Weil die Spieler diese Zauberkasten erhalten können und auf diese Weise Geld einlegen und letztendlich dem Zufallsgenerator unterliegen sind ist hier im Grunde das Glücksspiel dargestellt. Nun muss diese Mechanik, um in DE und anderen europäischen Staaten als Glücksspiel funktionieren zu können aber noch ein bestimmtes Suchtpotential mit sich tragen. Dieses ist zwar durch die kleine Wahrscheinlichkeiten der Vorhandensein von solchen “speziellen” Sachen in den Kisten durchaus gegeben. Spieler rühmen sich einer vor dem anderen mit besonderen gekriegten Features und sind ständig bemüht, die neuesten und besten Sachen zu erhalten. Infolgedessen beschaffen sie sich sogar einen im Spiel, partiell ganz unehrlichen (bis zu 30%) Vorteil im Vergleich zu den anderen Spielern.

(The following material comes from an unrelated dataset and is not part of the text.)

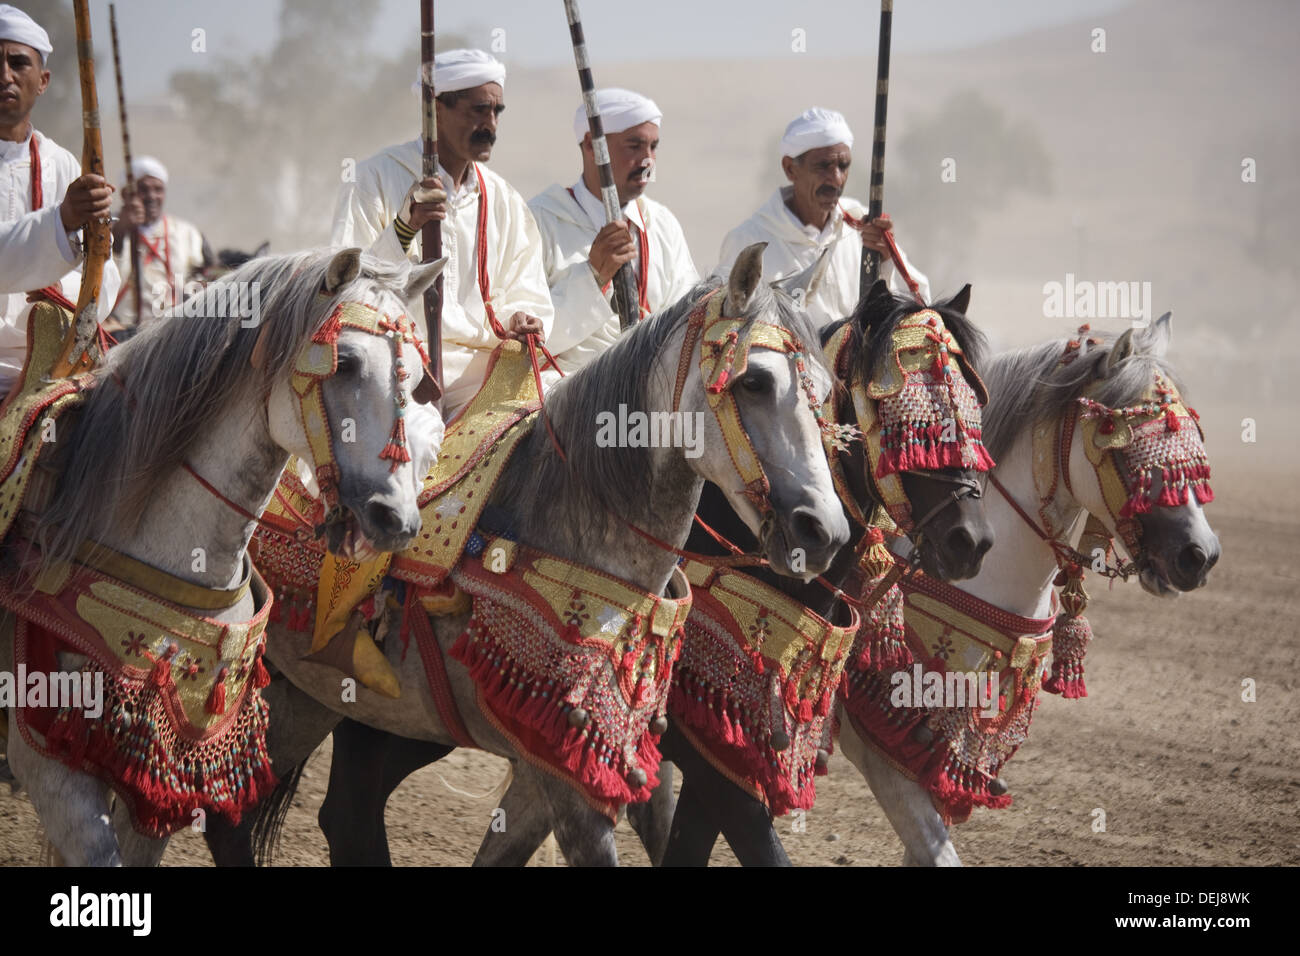 Fantasia riders at the Tissa horse festival near Fez, Morocco Stock Photo
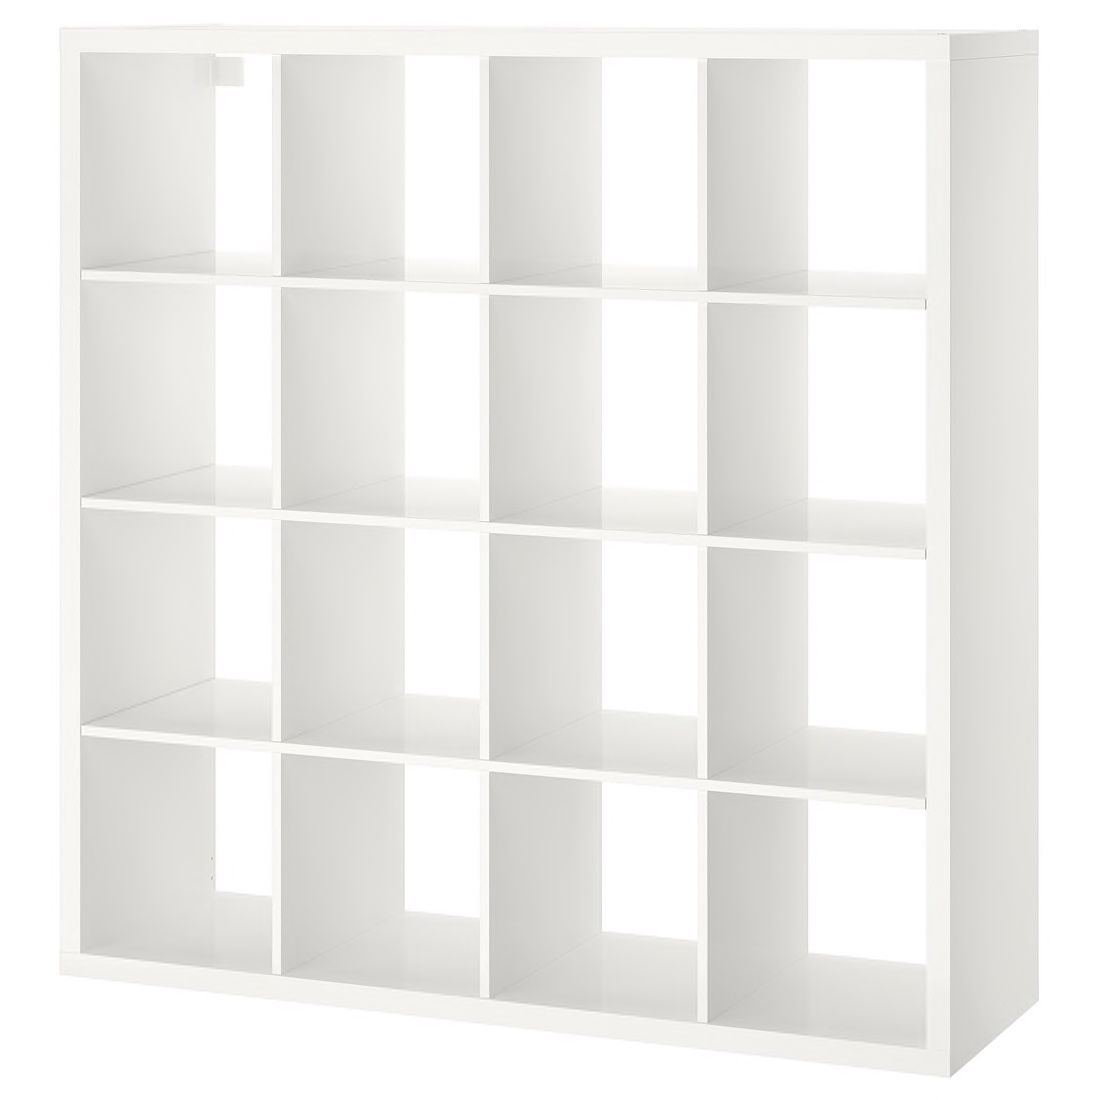 Ikea white storage shelf / shelves bookcase

Im Fall, wenn europäische Ländern dem belgischen Exempel nachfolgen und in Videospielen beliebige Echtgeldmechanismus als Glücksspiel handeln lassen, dann wird es unbedingt zu riesigen Problemen führen. Komplett neue Überprüfungsköperschaften sind hier notwendig. Die Regelung würde deutlich komplizierter und die Anbieter definitiv ausgesuchter. Niemand beweist, dass man die Glücksspielvorrichtung nicht auf andere Art und Weise herumgehen kann. Man könnte beispielsweise eine Pistole im Ballerspiel nicht nur in der Lootbox abgewinnen, sondern diese auch gezielt kaufen. Kauft man im Fall diese – besitzen diese zufällige Merkmale. Derart wäre der “Zufallsfaktor” nochmals Diskussionsbedürftig und die Videospielentwickler hätten erneut eine neue Hintertür entdeckt.

Es ist anschaulich, dass es sich auf dem Glücksspielmarkt in der Zukunft irgendwas passieren wird. Die Besprechungen werden im nächsten Zeitraum sicher Zeit und hauptsächlich das Geld absorbieren. Die letzte bedeutende Meinungsstreit führte praktisch dazu, dass der Videospielanbieter Electronic Arts die Disney “Star Wars”-Lizenz eingebüßt hat. Dahinter stecken sich Arbeitsplätze und eine Menge Geld.